En fin, hacía tiempo que no fantaseaba en sueños. Y el hecho de que hubiera dormido tan poco en las noches anteriores explicaba que se hubiera quedado tan profundamente dormida. La realidad, sin embargo, le resultaba un poco sorprendente. Por algún motivo, estaba descalza y llevaba un jersey demasiado grande. Además, se hallaba en un espacioso salón con sofás tapizados en piel y una enorme chimenea de piedra.
Por fin recordó. Estaba en casa de Mitch, por supuesto. Con cautela, se palpó la hinchazón de la cabeza. El dolor seguía ahí, pero ya no tenía nada que ver con los tambores que habían resonado en su cráneo horas antes.

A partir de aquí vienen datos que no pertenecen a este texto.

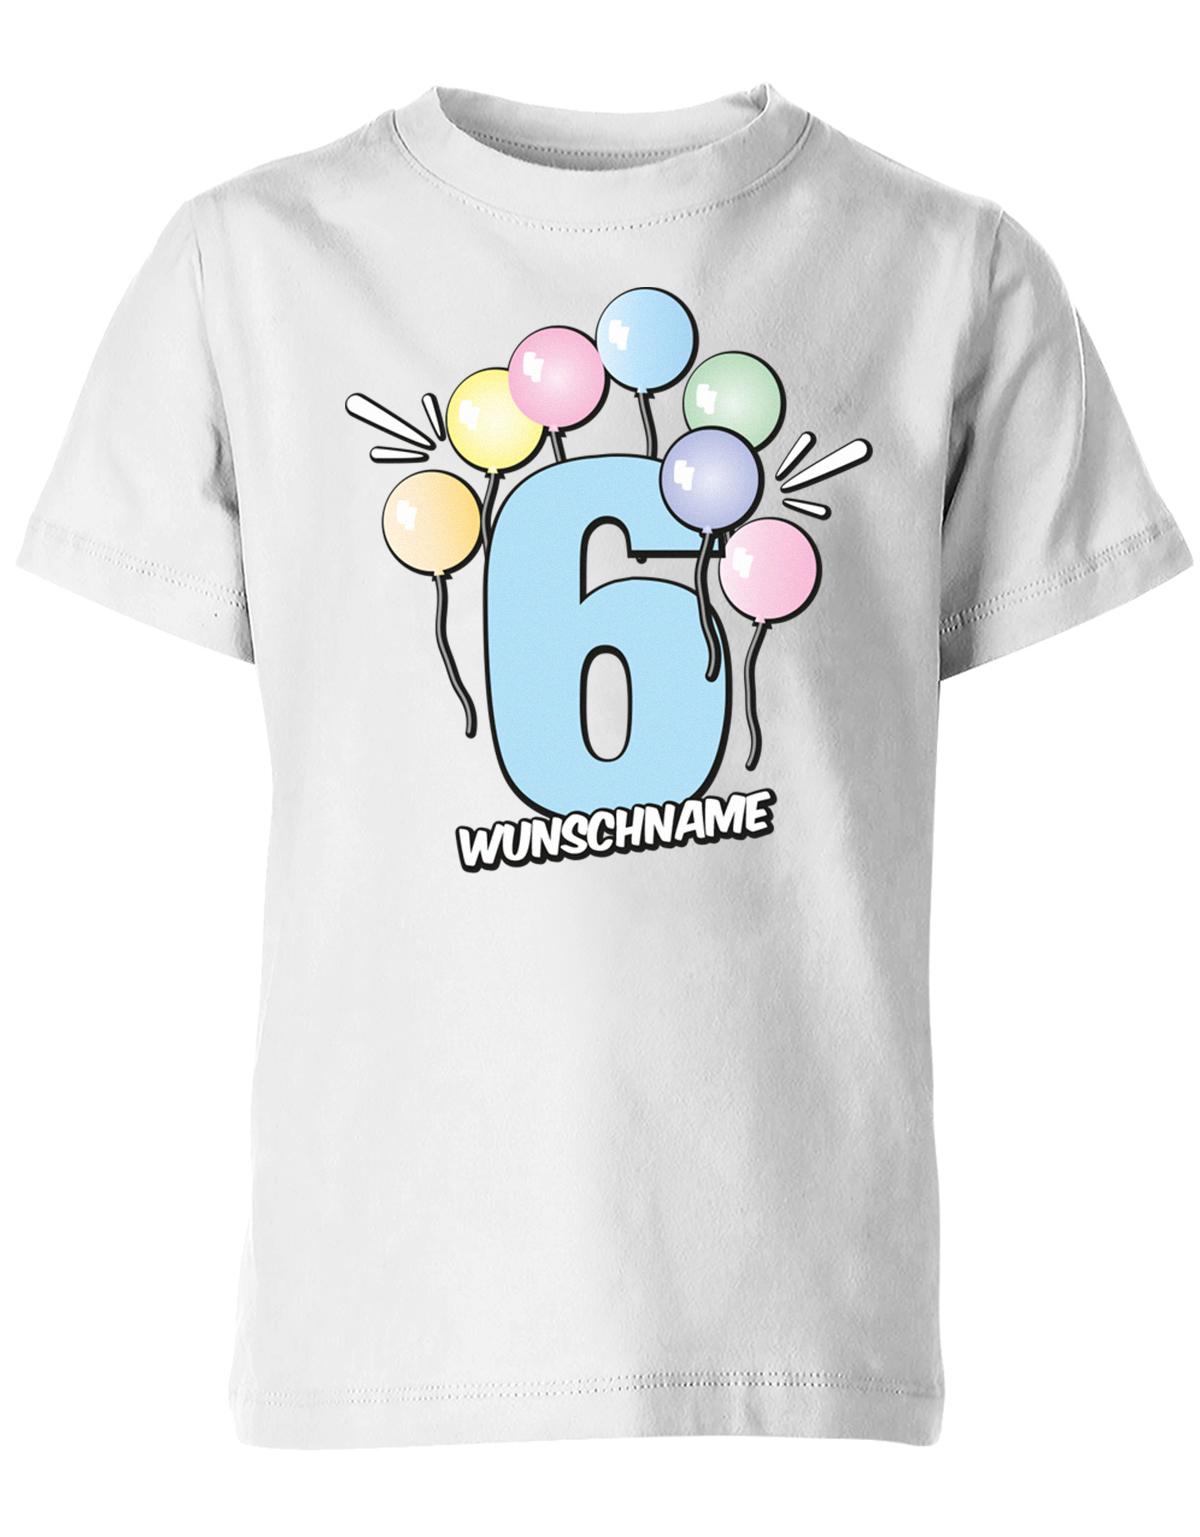 Luftballons-pastell-6-geburtstag-wunschname-kinder-shirt-weiss
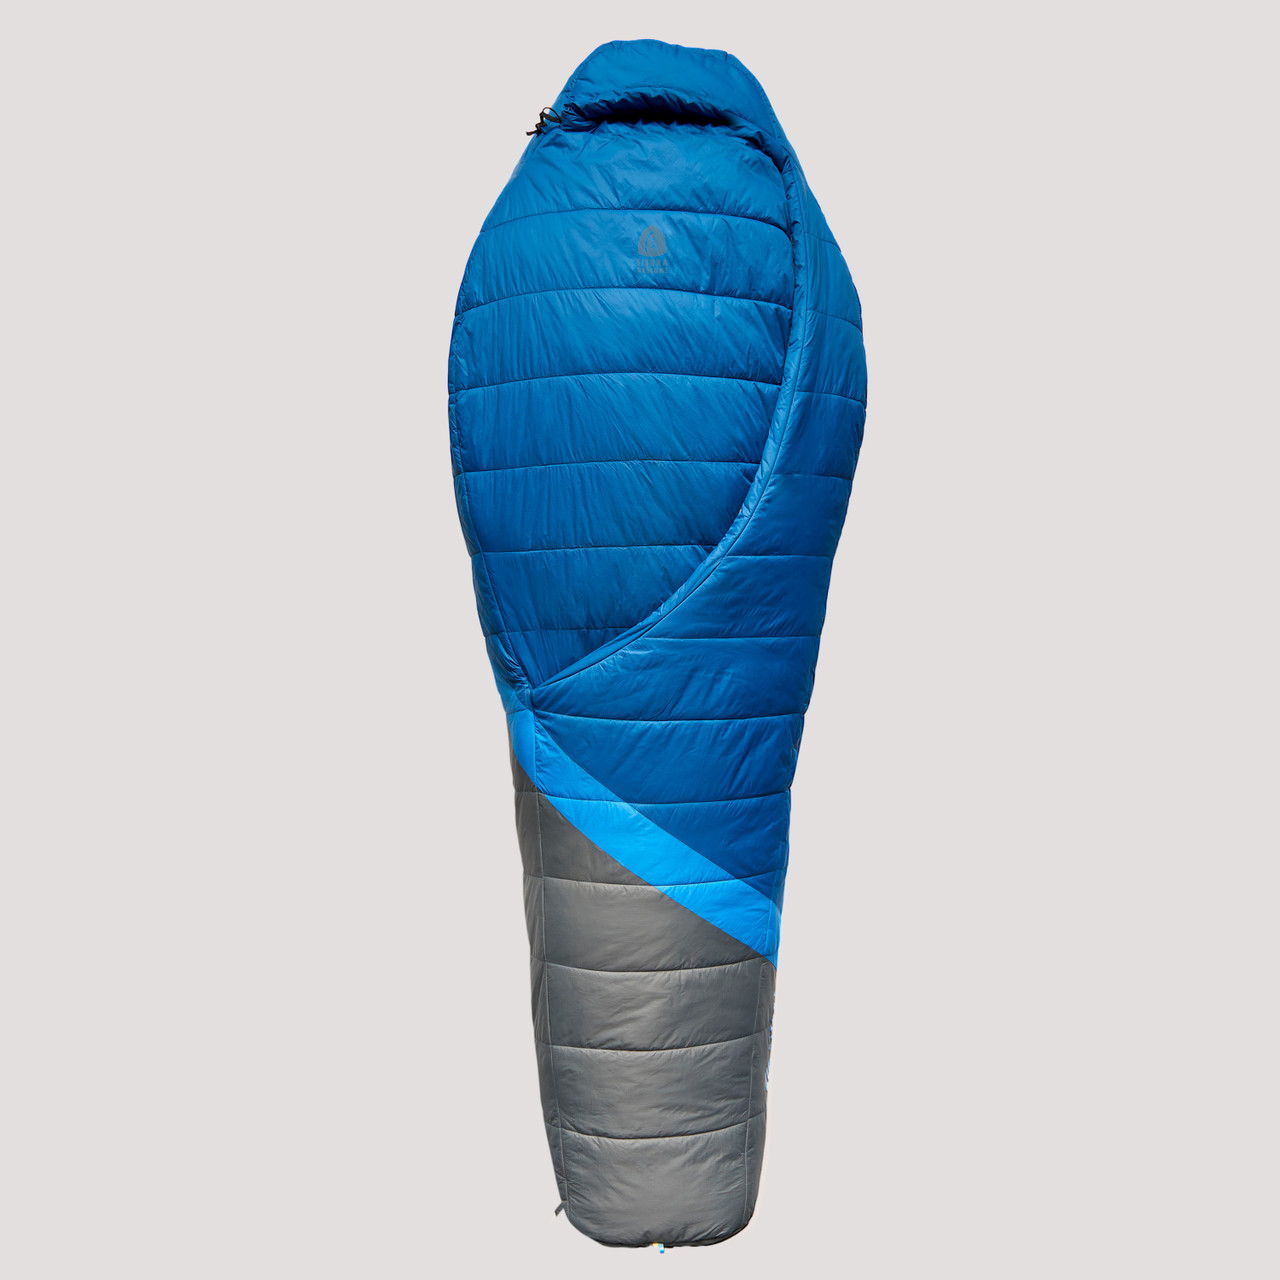 Sierra Designs Night Cap 20 sleeping bag, blue, top view, partially opened

En la escalera se oyeron pasos, que enseguida se tornaron una humorística versión masculina del andar de puntillas. Mitch se asomó por la esquina de la chimenea.
– Maldición, ya temía que el sonido del teléfono te despertara. Y la llamada es para ti. De Wilma. Pero si prefieres seguir durmiendo…
– Tranquilo, estoy totalmente despierta -Nicole no podía creer que el reloj de la mesa de caoba diera la hora exacta. ¿Cómo era posible que ya fueran las tres de la tarde? Rápidamente, cruzó la habitación para arrebatarle a Mitch el teléfono de la mano y adoptó de inmediato su acostumbrado aire formal-. No, no, Wilma, ya te dije que llamaras si surgía algo. Desde luego… Está bien…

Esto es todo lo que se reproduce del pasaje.